В развитии польской литературы в этом столетии тоже наступило время, когда поэты были склонны говорить: «Мы — Гамлет; Гамлет — это Польша». Мы находим заметные черты его характера к середине века у всех творческих умов Польши: у Мицкевича, у Словацкого, у Красинского. С юности они находились в его положении. Их мир был вывихнут, и его нужно было исправить их слабыми руками. Высокородные и благородные, они чувствуют, подобно Гамлету, весь внутренний огонь и внешнее бессилие своей юности; условия, которые их окружают, для них — один сплошной ужас; они склонны одновременно и к мечтаниям, и к действию, к чрезмерной рефлексии и к безрассудству.
Подобно Гамлету, они видели, как их мать, земля, давшая им жизнь, осквернена переходом под власть королевского грабителя и убийцы. Двор, к которому им порой предлагают доступ, поражает их ужасом, как двор Клавдия поразил датского принца, как двор в «Искушении» Красинского (символическое изображение двора в Санкт-Петербурге) поражает молодого героя поэмы. Эти сородичи Гамлета, подобно ему, жестоки к своей Офелии и покидают ее, когда она любит их больше всего; подобно ему, они позволяют отправить себя далеко в чужие края; и когда они говорят, они притворяются, подобно ему, — облекают свой смысл в сравнения и аллегории. То, что Гамлет говорит о себе, применимо к ним: «И все же есть во мне нечто опасное». Их специфически польская характеристика заключается в том, что их изнуряет и тормозит не их рефлексивный, а их поэтический уклон. Рефлексия — вот что губит немца этого типа; дикое распутство — француза; праздность, самоирония и самоотчаяние — русского; но именно воображение сбивает поляка с пути и искушает его жить в отрыве от реальной жизни.

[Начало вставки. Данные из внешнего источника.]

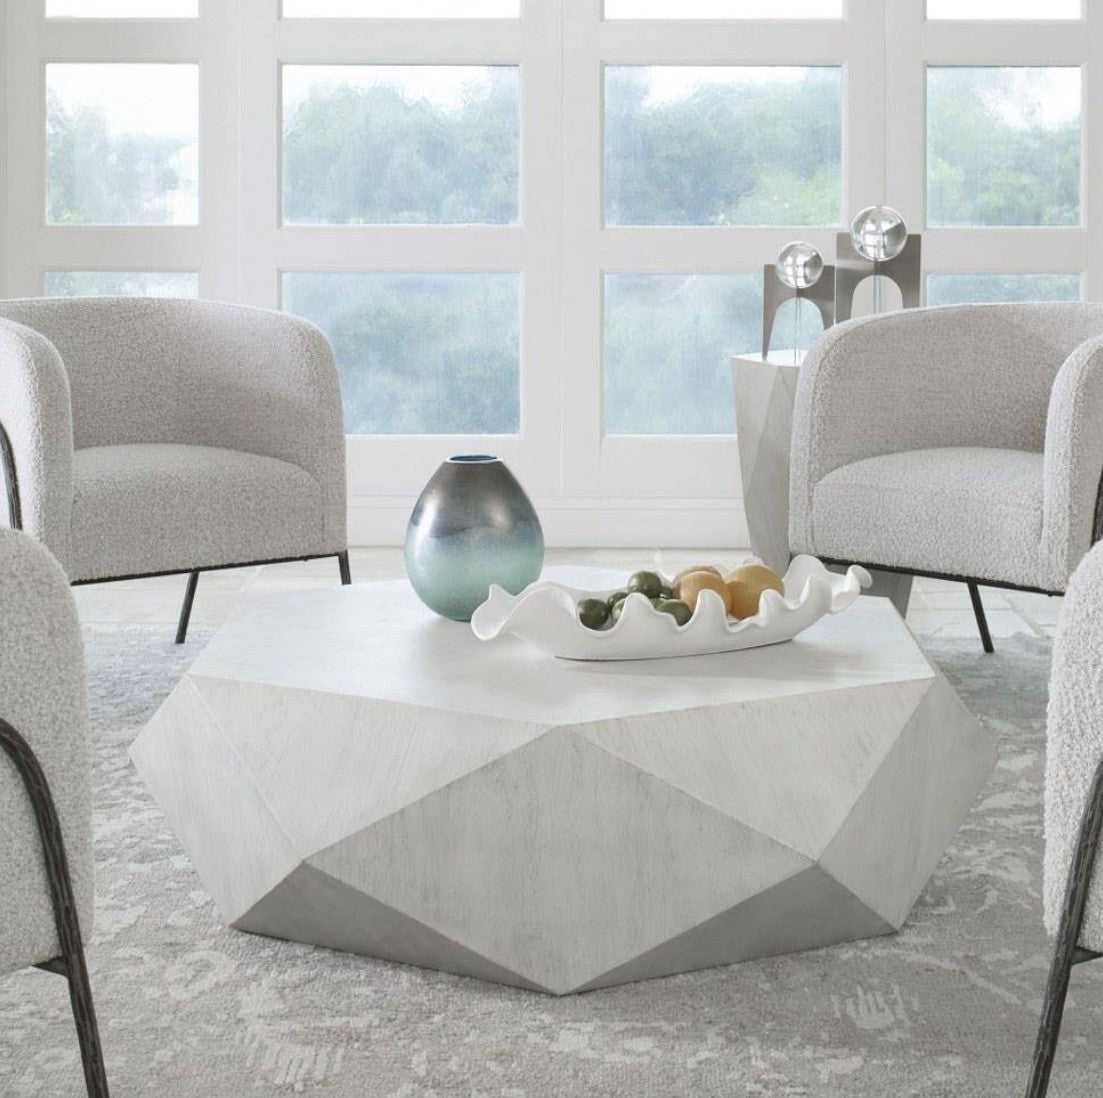 VOLKER COFFEE TABLE WHITE

Характер Гамлета представляет множество различных аспектов. Гамлет — сомневающийся; он человек, которого чрезмерная щепетильность или чрезмерное обдумывание обрекают на бездействие; он создание чистого интеллекта, который иногда действует нервно, а иногда слишком нервен, чтобы действовать вообще; и, наконец, он мститель, человек, который притворяется, чтобы его месть была более эффективной. Каждый из этих аспектов развит поэтами Польши. Есть оттенок Гамлета в нескольких творениях Мицкевича — в Валленроде, в Густаве, в Конраде, в Робаке. Густав говорит на языке философского заблуждения; Конрад одержим духом философского раздумья; Валленрод и Робак притворяются или маскируются ради мести, и последний, подобно Гамлету, убивает отца женщины, которую любит. В творчестве Словацкого тип Гамлета занимает гораздо более заметное место. Его Кордиан — это Гамлет, который следует своему призванию мстителя, но не имеет для этого сил. Польская склонность к фантазированию встает между ним и его задуманным тираноубийством. И как Словацкий дает нам радикальный тип Гамлета, так мы находим соответствующего консервативного Гамлета у Красинского. Герой «Небожественной комедии» Красинского имеет не одну общую черту с датским принцем. У него гамлетовская чувствительность и сила воображения. Он склонен к монологам и культивирует драму. У него чрезвычайно нежная совесть, но он может совершать самые жестокие поступки. Он наказан за чрезмерную раздражительность своего характера безумием жены, очень похоже на то, как Гамлет своим притворным безумием приводит к настоящему безумию Офелии. Но этот Гамлет поглощен более современным сомнением, чем то, что осаждает его прототип эпохи Возрождения. Гамлет сомневается, является ли дух, по чьему велению он действует, чем-то большим, чем пустой призрак. Когда граф Генрих запирается в «замке Святой Троицы», он не уверен, что сама Святая Троица — не плод воображения.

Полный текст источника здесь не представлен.